I would have never expressed it in words, but I yearned for a mom who always wore polished red nails, mascara, and pancake makeup. I wished she had gone to the beauty parlor for the sprayed up bouffant hairdos of the day. And believe me, I tried whenever I could to get away with mascara in Junior High until one day when I got home from school with it running down my face because someone had said something mean.
And then she’d say, “Honey, when are you going to learn that your natural beauty is the best and that glow from inside of you shines so bright.”
I tried to be Fancy Nancy until my college years. I had a little help becoming un-fancy from Goldie Hawn, Carol Burnett, and the total peace, love generation moving forward.
Turning the page to Medicare this birthday, my only regret is not using sunblock when it first came out. But I am proud to say; there has never been a day that foundation has creased my cheeks or neck.
The day I got married almost 44 years ago my mom, made me get my hair done at the beauty parlor (the irony of this makes me giggle). The stylist rolled, set, and sprayed my hair. I promptly went home and took a shower and did my own, without the spray. My mom shook her head and realized some of what she had emulated had rubbed off. She had paid the stylist good money for no good reason. Her little girl had learned her lessons well.
PS I taught school for 40 years. In my final year, I had a student named Nancy; we were kindred spirits, not liking the girlie—the fancy. But inside there was lots of fancy love.
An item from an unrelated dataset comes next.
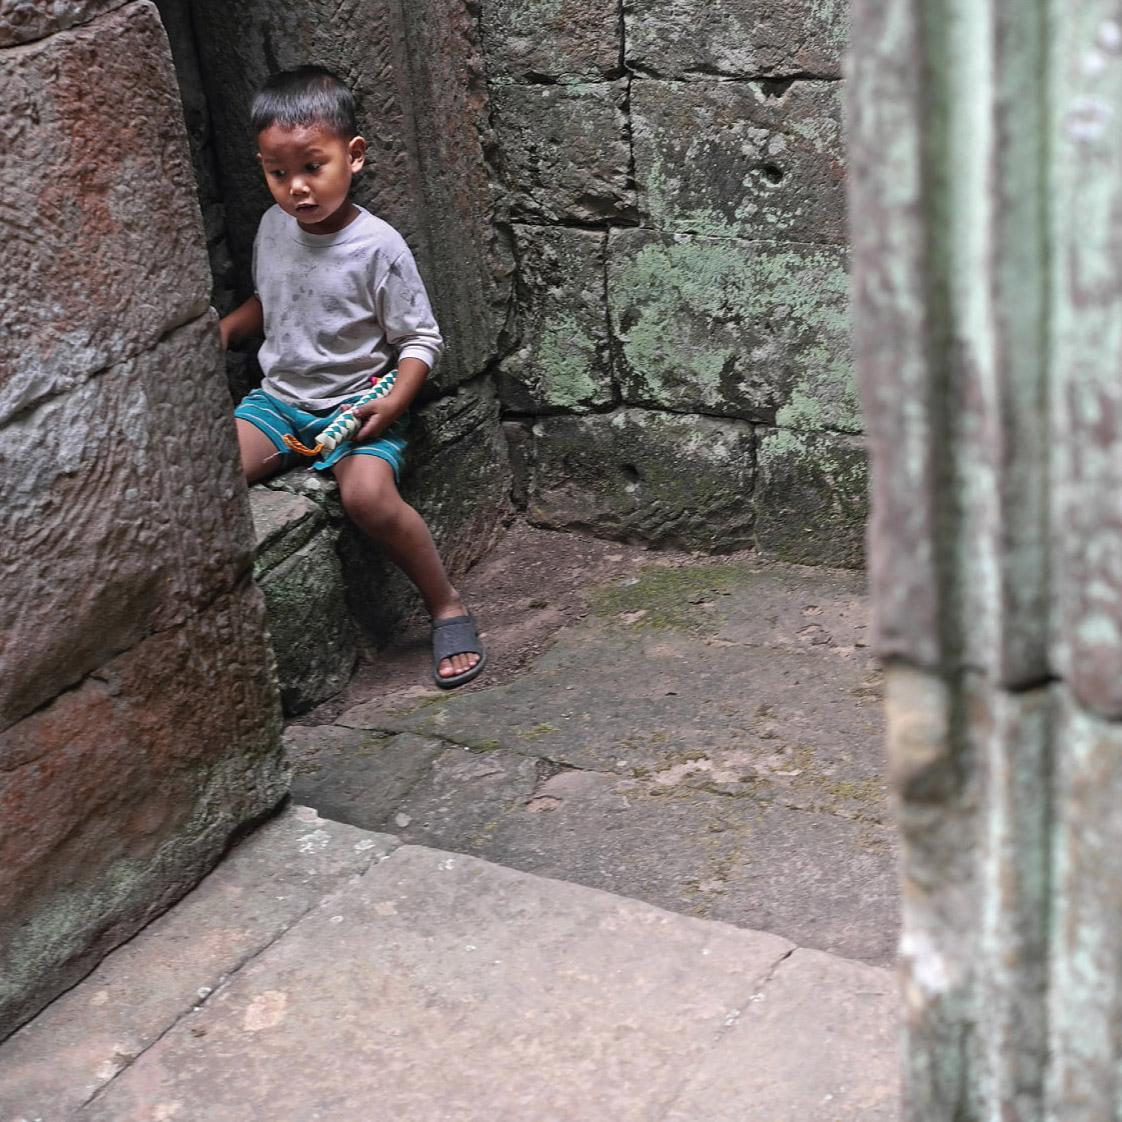 Myself_ Photographs of Children Pagesv2_interior 2-87.jpg

PSS Opening up my blog header that I have had for ten years is pretty- paisley fancy. A feast for my eyes that I never have tired of…Word Press doesn’t even offer it any longer. It’s only SIXTIES fancy!
Dear Nanc: I could relate to so many things on this whirlwind tour of your life! Those shows… they came rushing back. That made me remember watching Ginger on Gilligan’s Island and knowing I could never be like her (funny thing – some people have told me I remind them of her and I am not sure if it is a good or bad thing; I am scared to ask in what way, as Ginger was so overdone). Plus, it turns out, everyone loved Mary Ann more. I could see many of my teachers in your teachers, and felt the sharp unkindness of classmates…I, too, had glasses. Wigs were “in” with older girls when I started school; I would put one one in kindergarten class (can you even believe that was allowed, Teacher?) I so wanted “long beautiful hair,” lol. I love how you grew into embracing your natural beauty, and your inner beauty shines in every word you write. 🙂
Your mother’s quote is absolutely perfect! Your beauty shines with every word you write. My heart hurts for that little girl who didn’t think her teacher loved her. I am sure that every student who passed through your world, knew they were loved.
I love these stories so much, and your beautiful personality in them! Also, your blog header always lifts my spirits.